#### Material shown
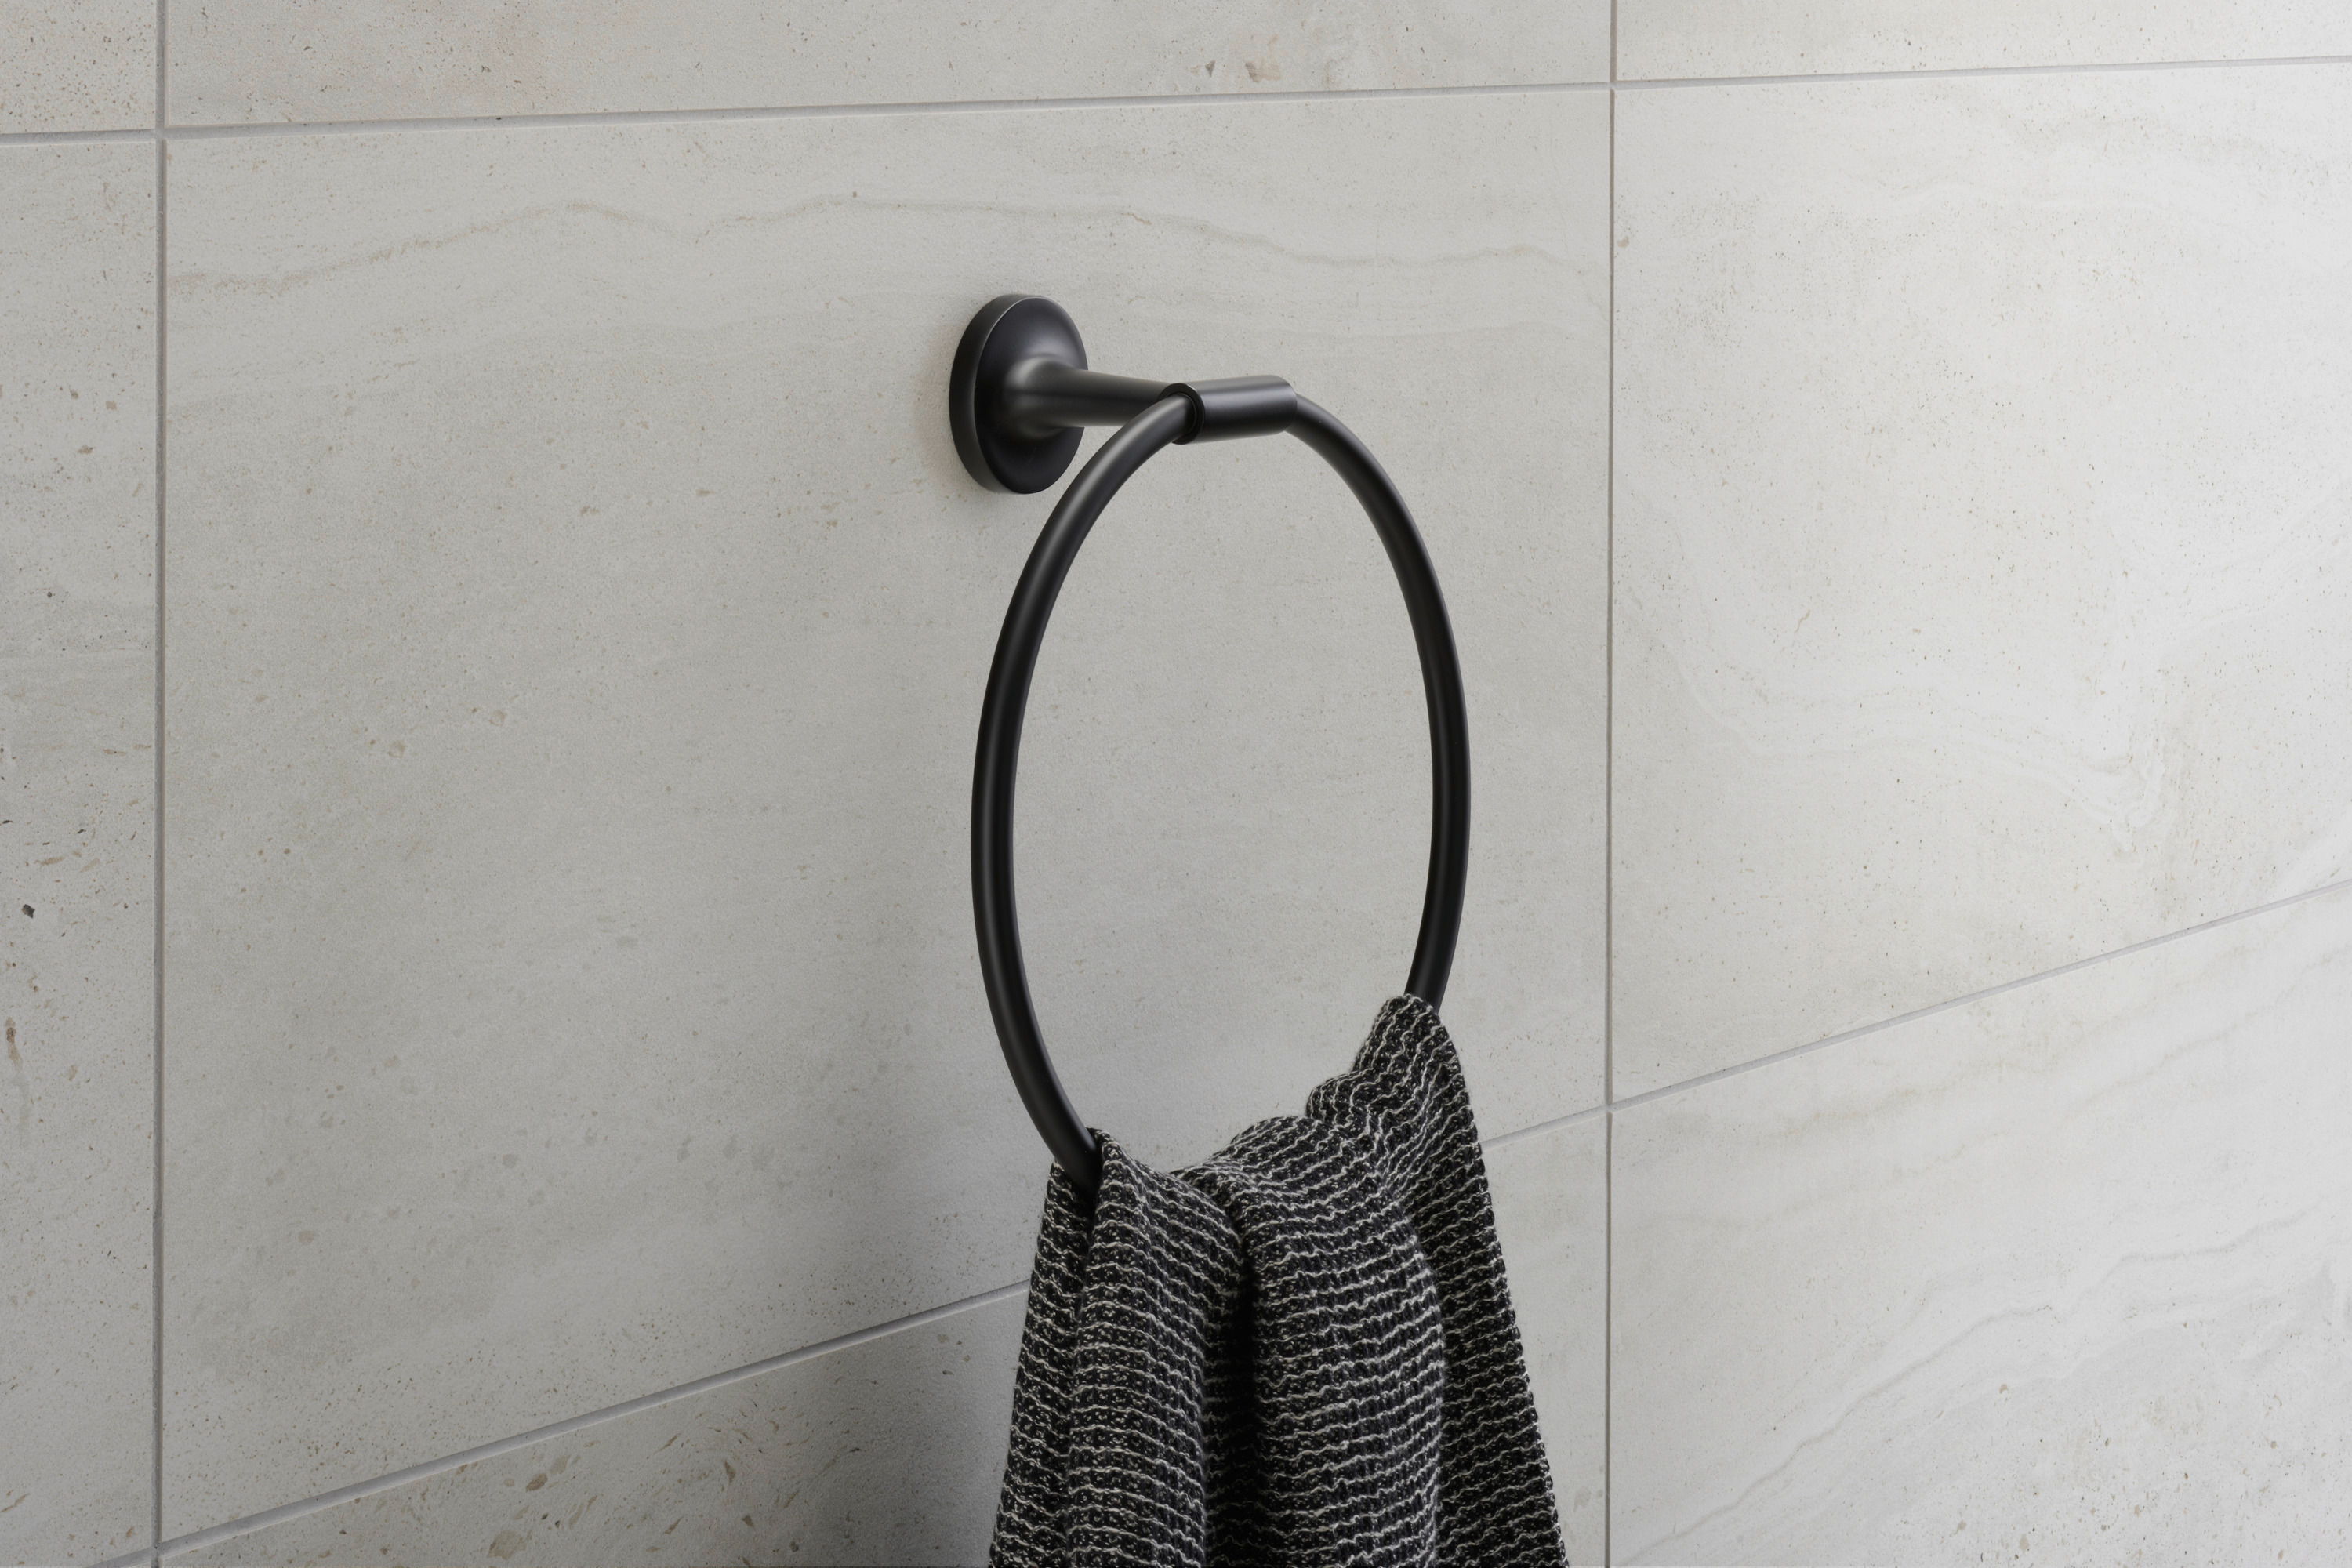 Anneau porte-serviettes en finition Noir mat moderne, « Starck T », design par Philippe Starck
########
#### Material shown
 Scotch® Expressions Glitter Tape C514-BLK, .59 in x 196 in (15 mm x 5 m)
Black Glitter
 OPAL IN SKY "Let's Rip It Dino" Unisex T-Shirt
########
#### Material shown
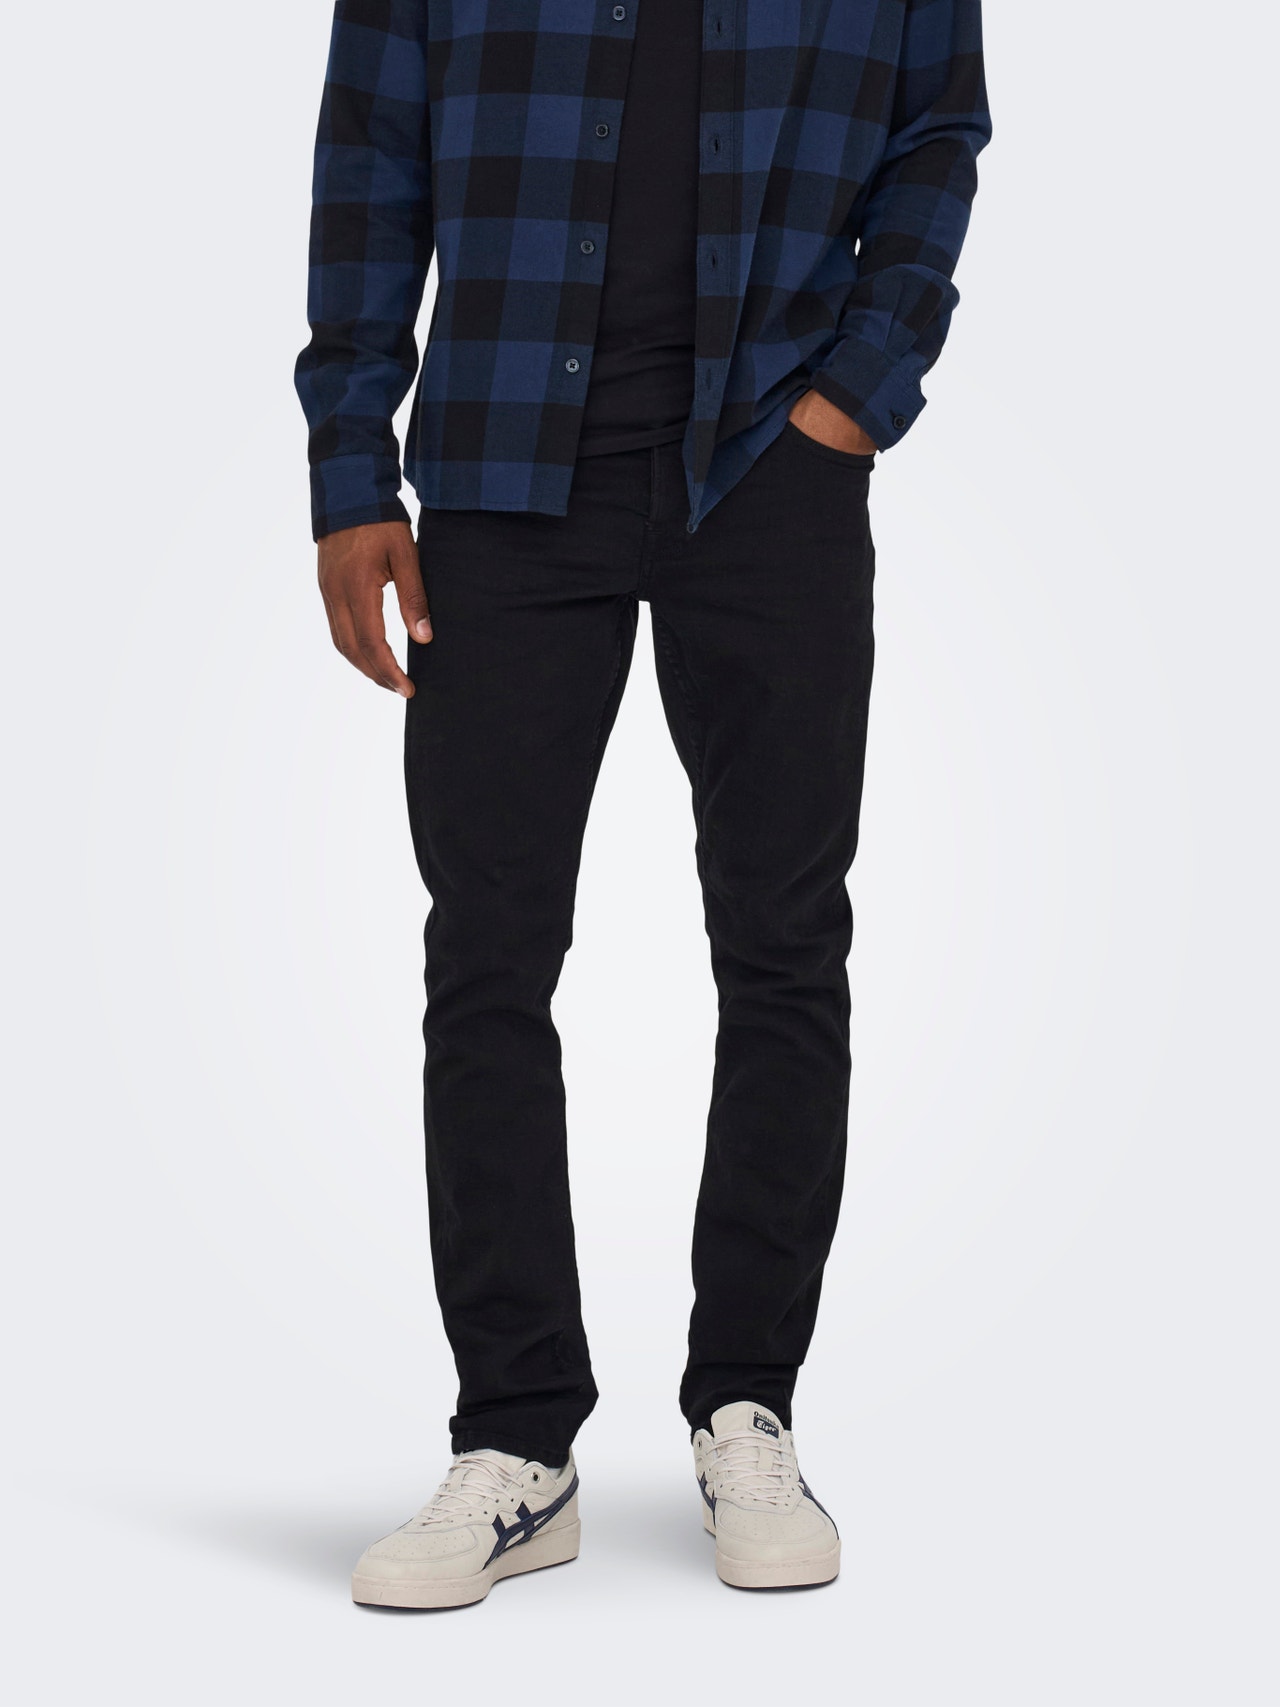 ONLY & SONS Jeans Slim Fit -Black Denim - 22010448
########
Exercise goal> Once you have counted the lines of the records holding the string "Glitter", state that number with no other words.

Exercise result> 2